> Records supplied
========================================

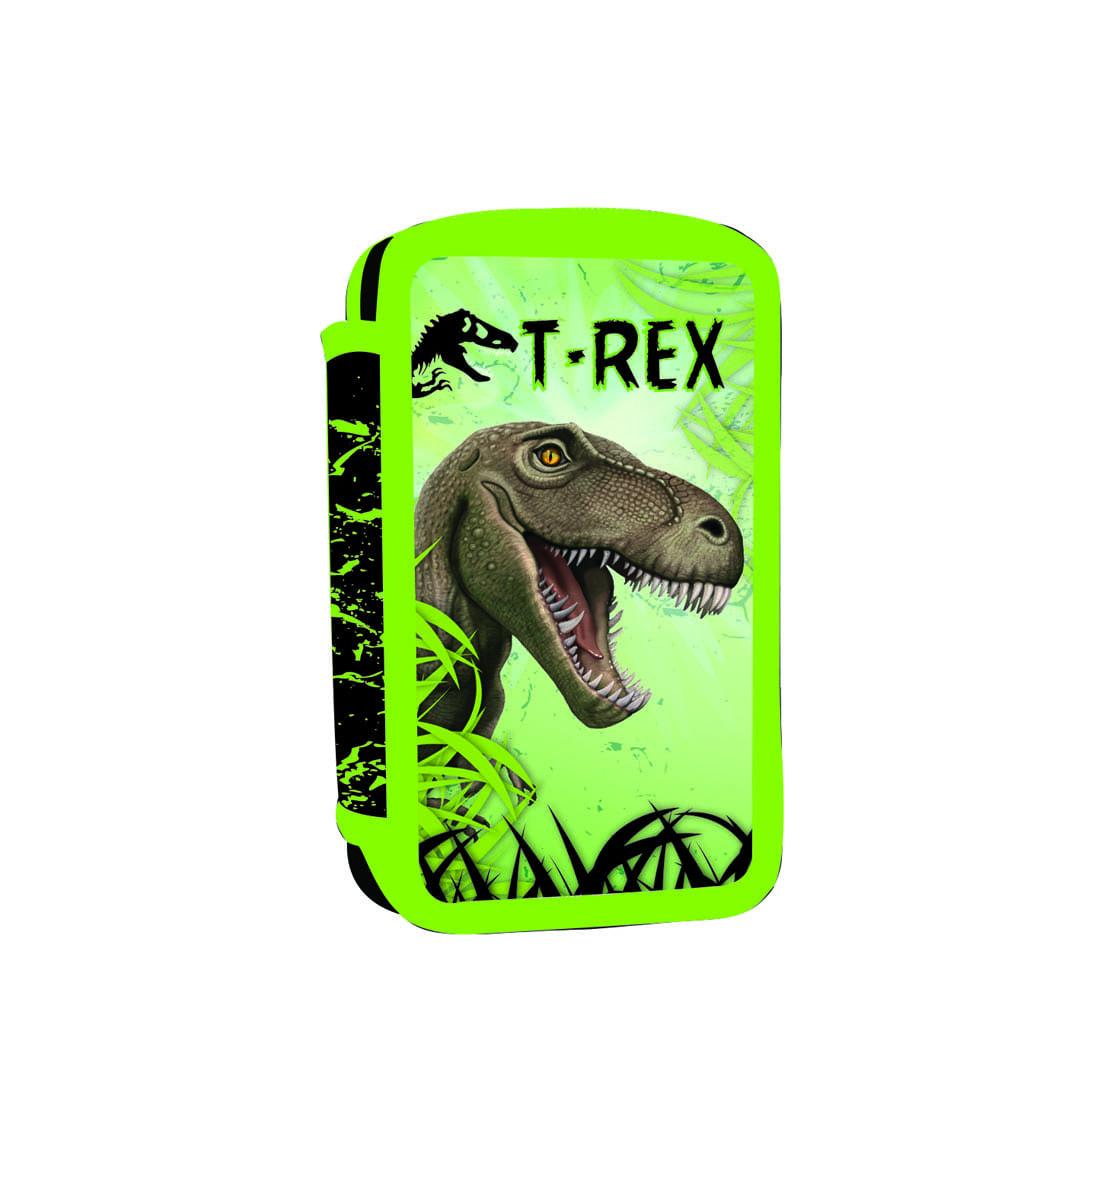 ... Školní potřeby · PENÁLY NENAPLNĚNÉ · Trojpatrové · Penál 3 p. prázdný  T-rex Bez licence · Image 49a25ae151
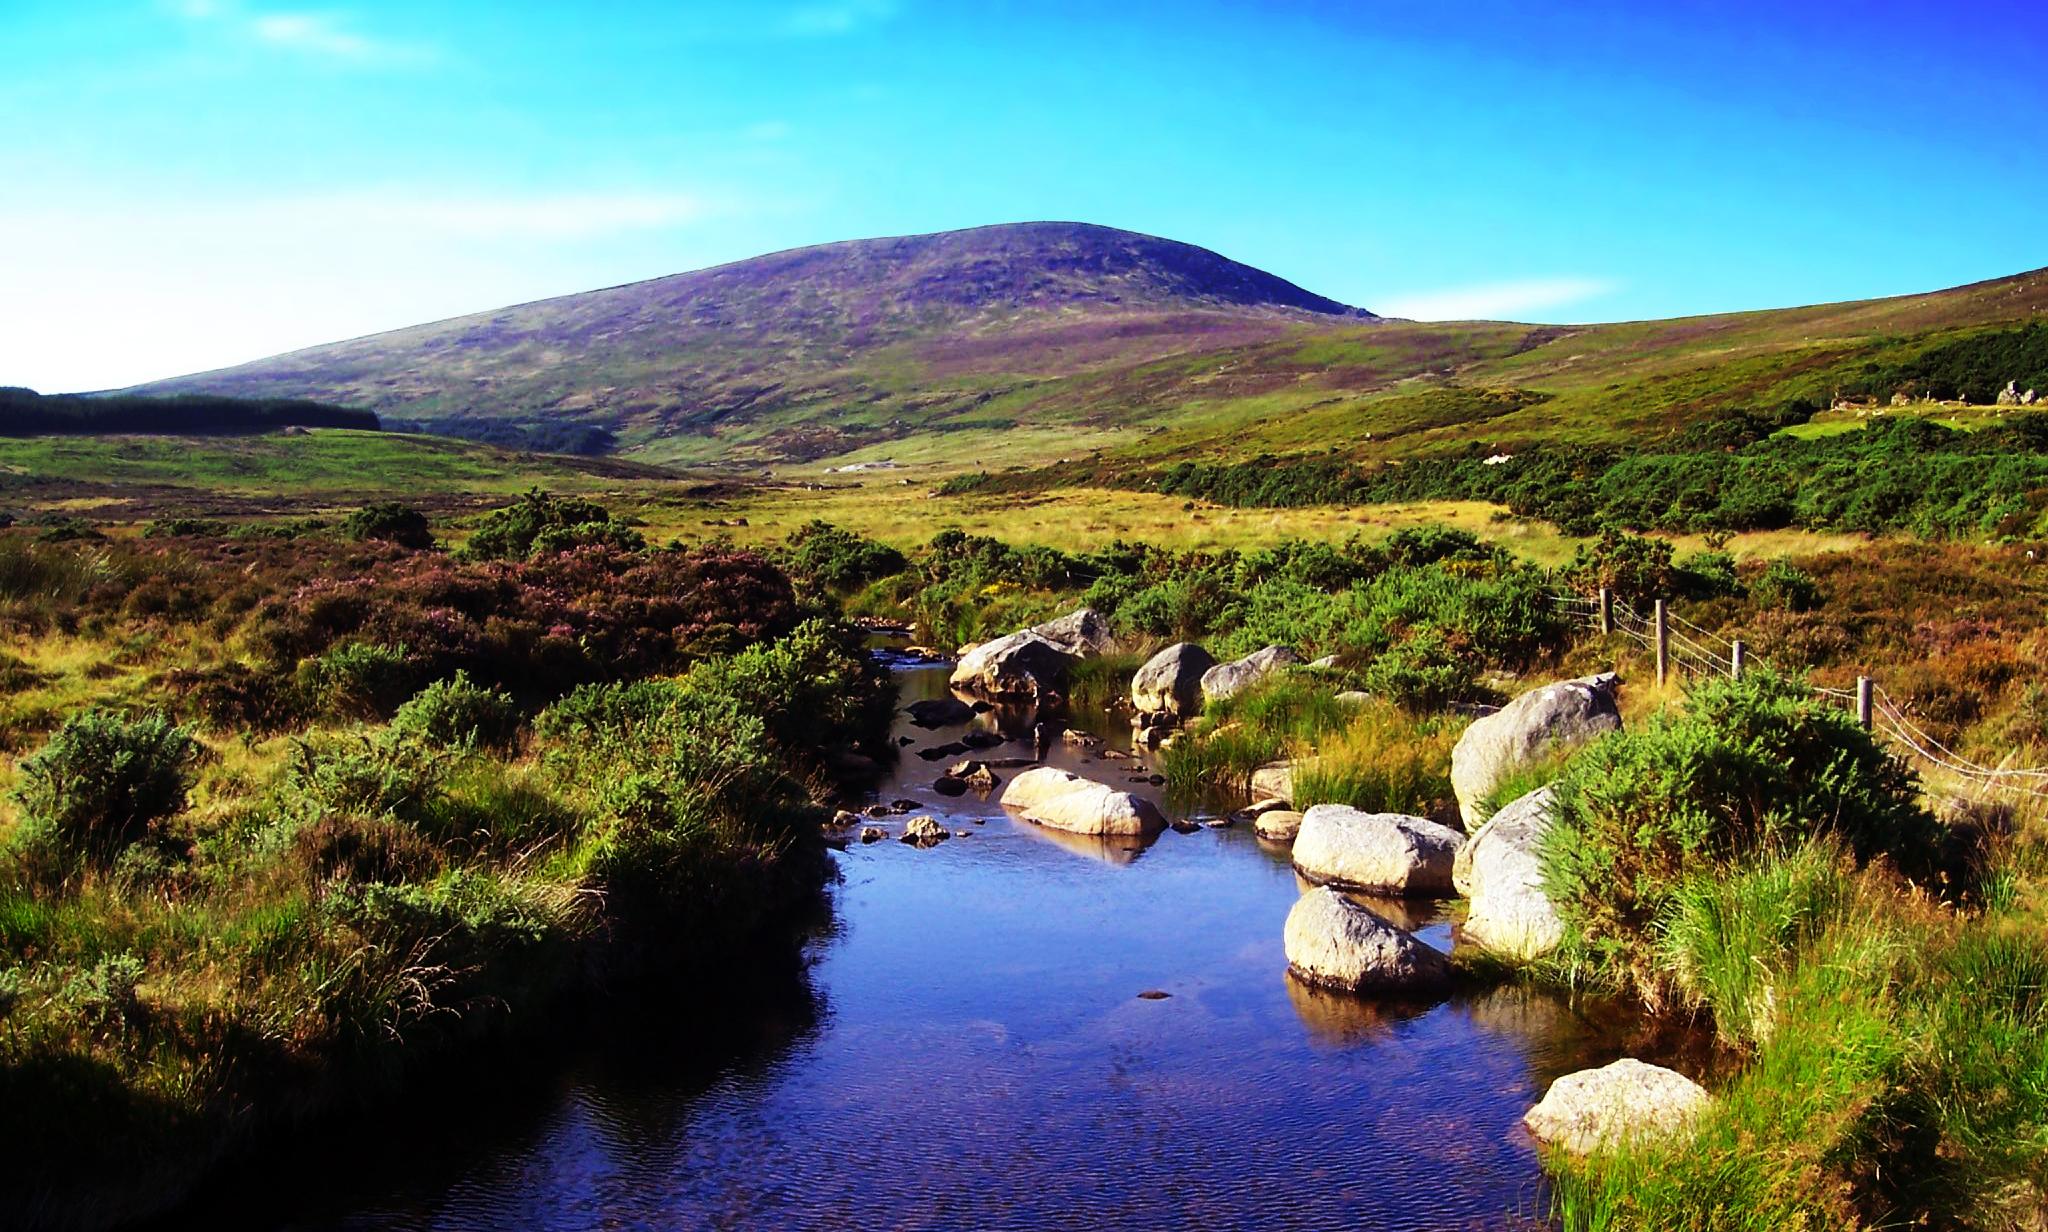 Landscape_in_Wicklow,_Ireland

========================================

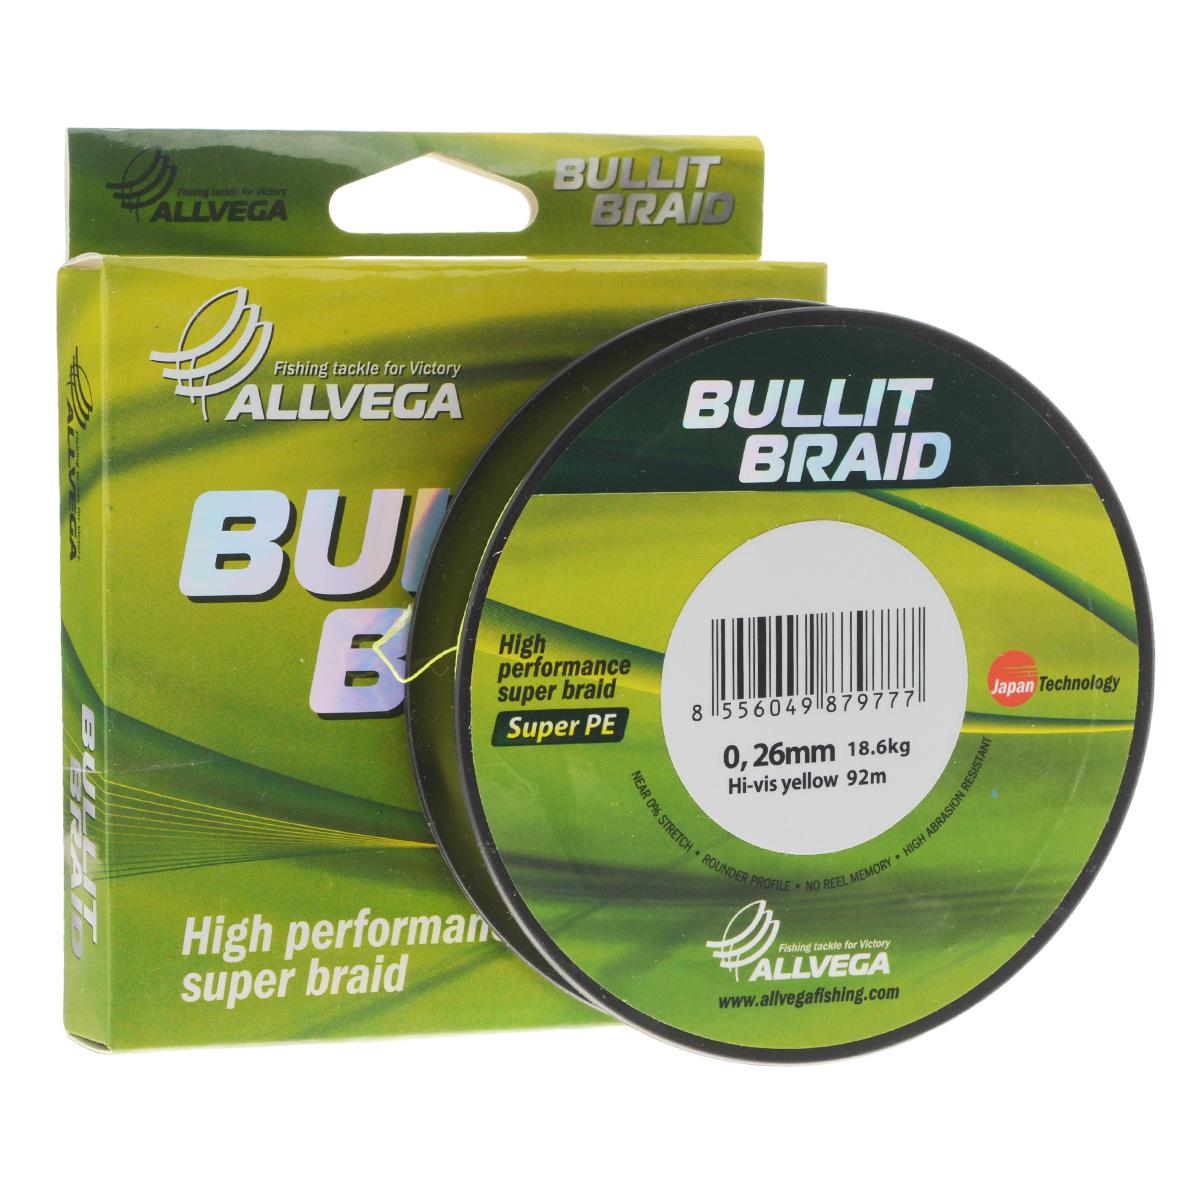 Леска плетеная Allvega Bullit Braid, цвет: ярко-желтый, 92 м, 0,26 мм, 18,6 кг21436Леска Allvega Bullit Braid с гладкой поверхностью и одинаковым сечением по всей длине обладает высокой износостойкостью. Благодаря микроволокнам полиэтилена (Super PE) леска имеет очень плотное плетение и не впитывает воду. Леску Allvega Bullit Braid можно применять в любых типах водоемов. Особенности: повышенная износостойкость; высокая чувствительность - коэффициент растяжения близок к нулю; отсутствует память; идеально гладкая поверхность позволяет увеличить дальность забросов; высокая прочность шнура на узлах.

========================================

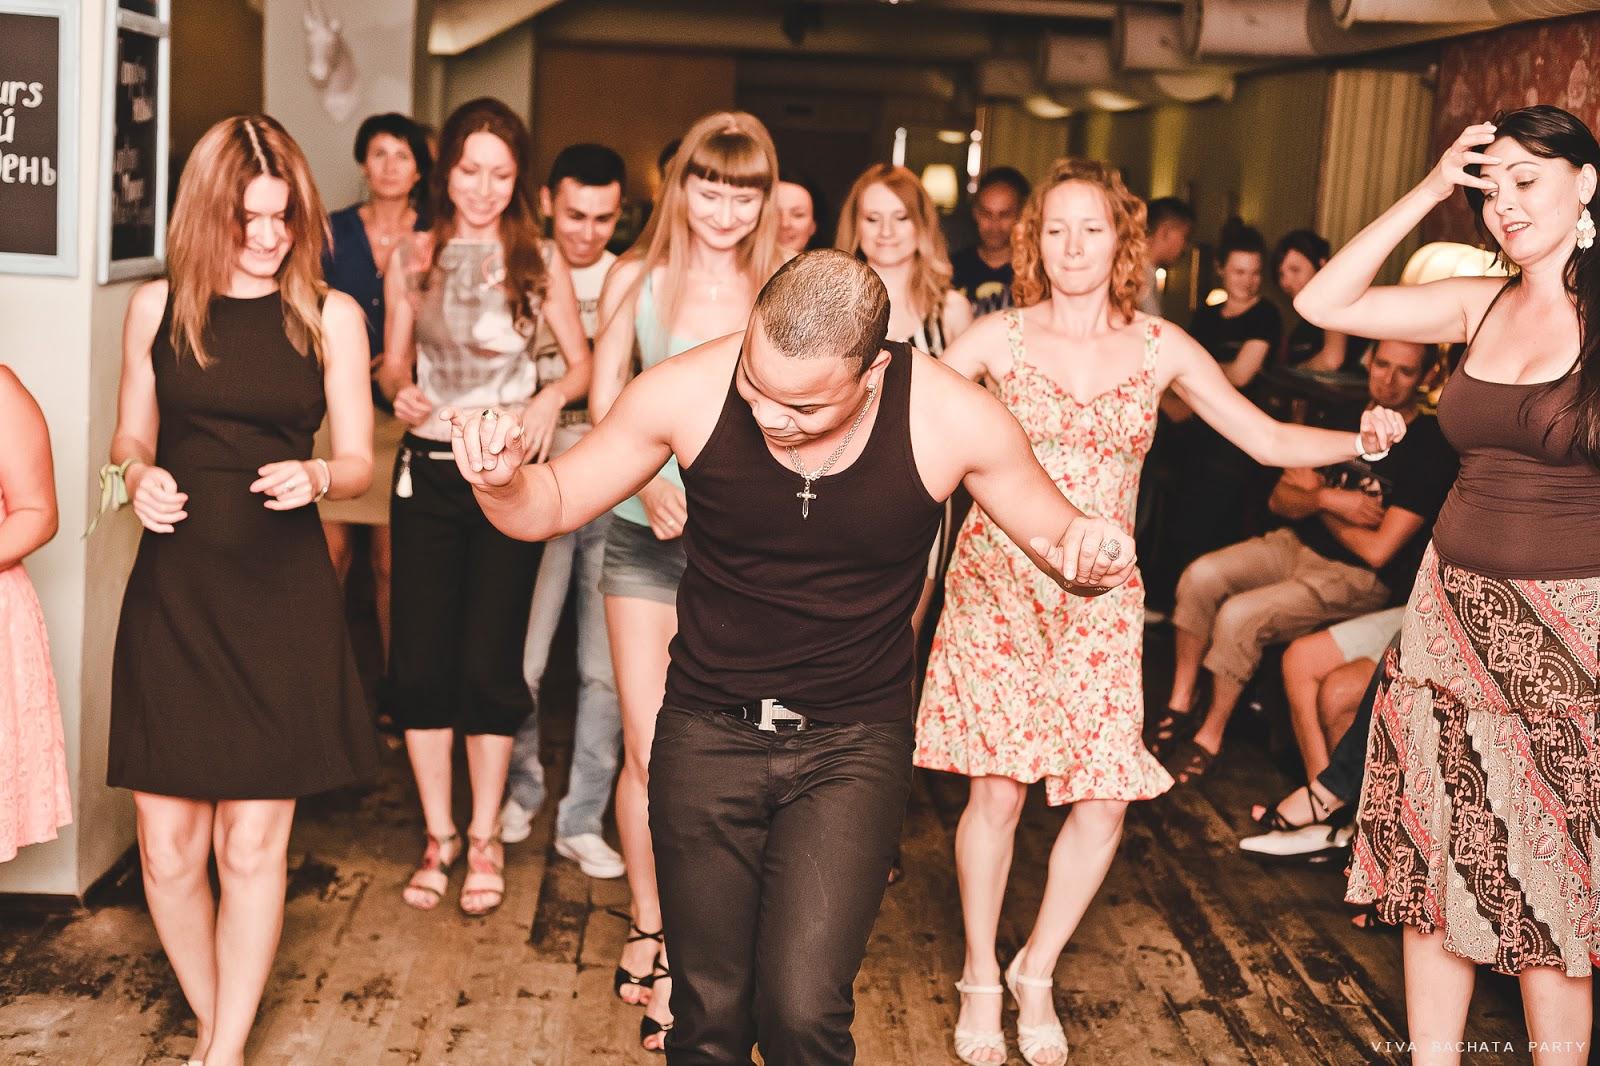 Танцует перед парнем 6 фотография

========================================

> Your objective
Leaving every picture aside, reproduce exactly the lines above from the one with "licence · Image 49a25ae151" up to and including the one with "Landscape_in_Wicklow,_Ireland", and no others.

> Task solution
 ... Školní potřeby · PENÁLY NENAPLNĚNÉ · Trojpatrové · Penál 3 p. prázdný  T-rex Bez licence · Image 49a25ae151
 Landscape_in_Wicklow,_Ireland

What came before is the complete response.